"Married priests and women deacons should be reintroduced as soon as possible. That would bring new dynamism to the church," Dietmar Winkler, the future dean of Salzburg University's Catholic theological faculty, told the Austrian daily Salzburger Nachrichten in an interview during the Salzburg Festival.
He said he could not see why men who feel called to the priesthood should be forced to remain celibate. Asceticism, which religious feel called to, is a charism that could not be forced on people, Winkler said.
He said compulsory celibacy was not introduced for several hundred years and for diverse reasons, one of which was to prevent imperial dynasties from inheriting church possessions.
Asked what would happen if priests who got married were to get divorced, Winkler said that there were many priests who failed to remain celibate. Failure was always possible. "Jesus came to the broken and not to the perfect," he said.
Did that mean that one could marry twice? he was asked.

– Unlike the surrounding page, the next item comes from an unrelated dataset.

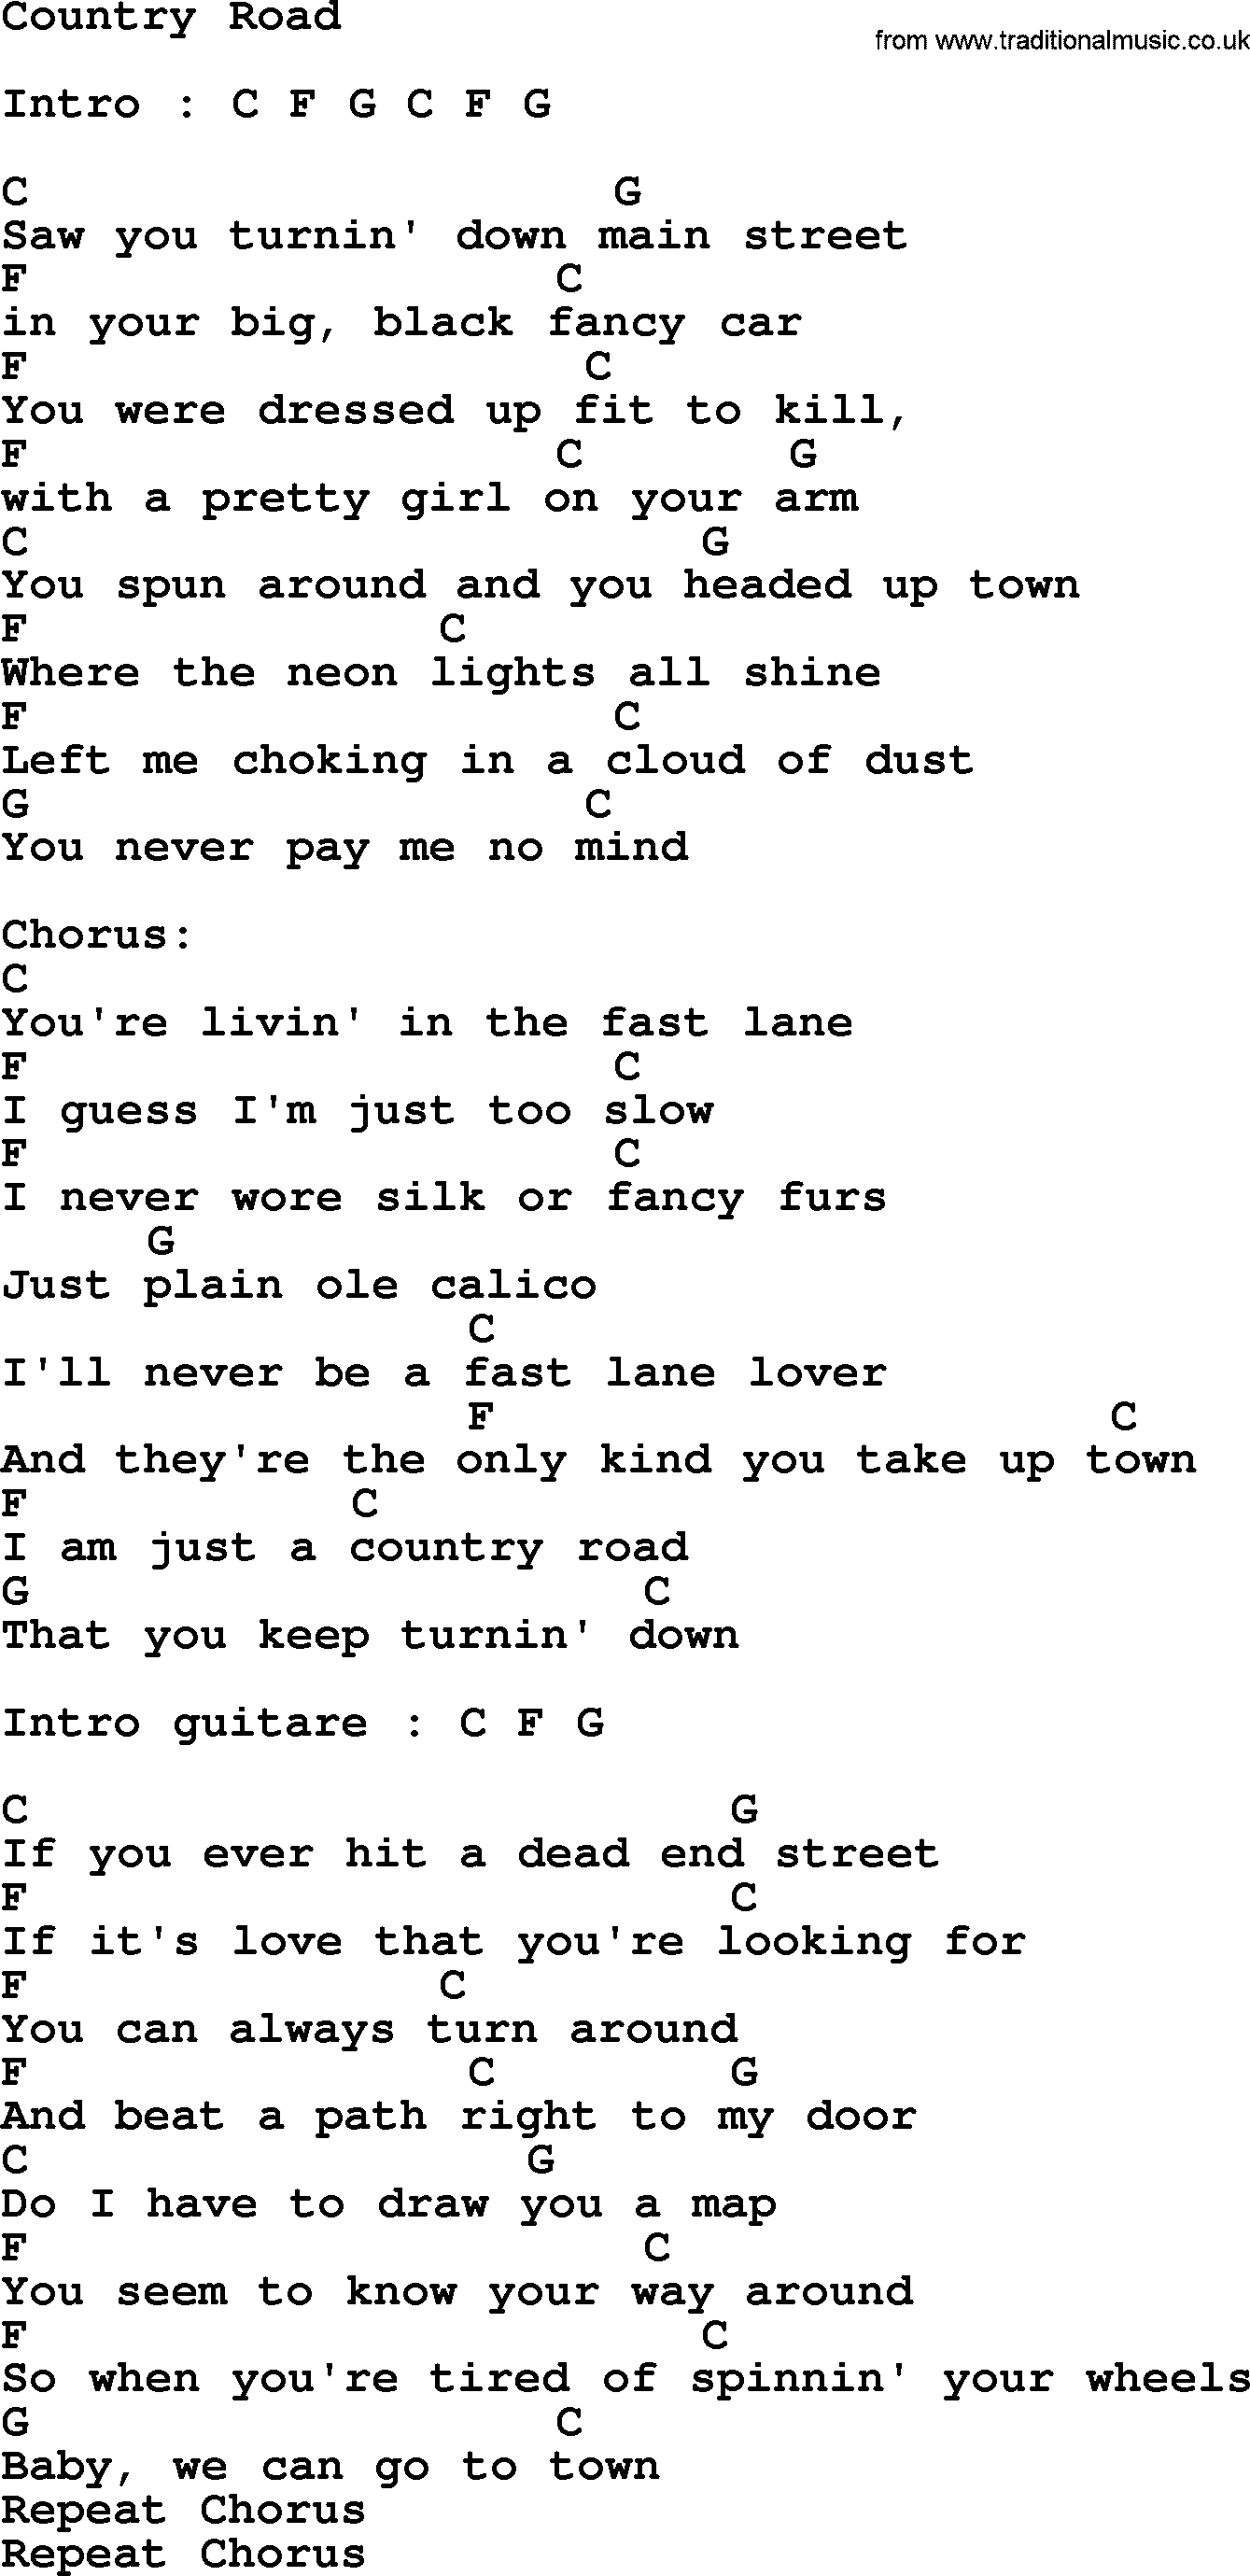 Country Roads Chords Dolly Parton Song Country Road Lyrics And Chords

The Orthodox church has found a good solution, he said: It has married priests, and under certain conditions, allows remarriage in church after divorce. According to present Catholic teaching, partners of a second marriage live in permanent sin. "I think that [is] really wrong and this question will be a gripping crunchpoint at the synod in October," Winkler said. "Discussion of marriage theology is a must."
The issue of women priests is "theologically complicated," he said, but women deacons, "which [are] well documented up to the Middle Ages," should be reintroduced as soon as possible.
Winkler, 52, a well-known patrologist and orientalist, was appointed an adviser to the Pontifical Council for Promoting Christian Unity by Pope Benedict XVI and confirmed in this office by Pope Francis. He is also an adviser to Congregation for the Oriental Churches.
[Christa Pongratz-Lippitt is the Austrian correspondent for the London Catholic weekly The Tablet.]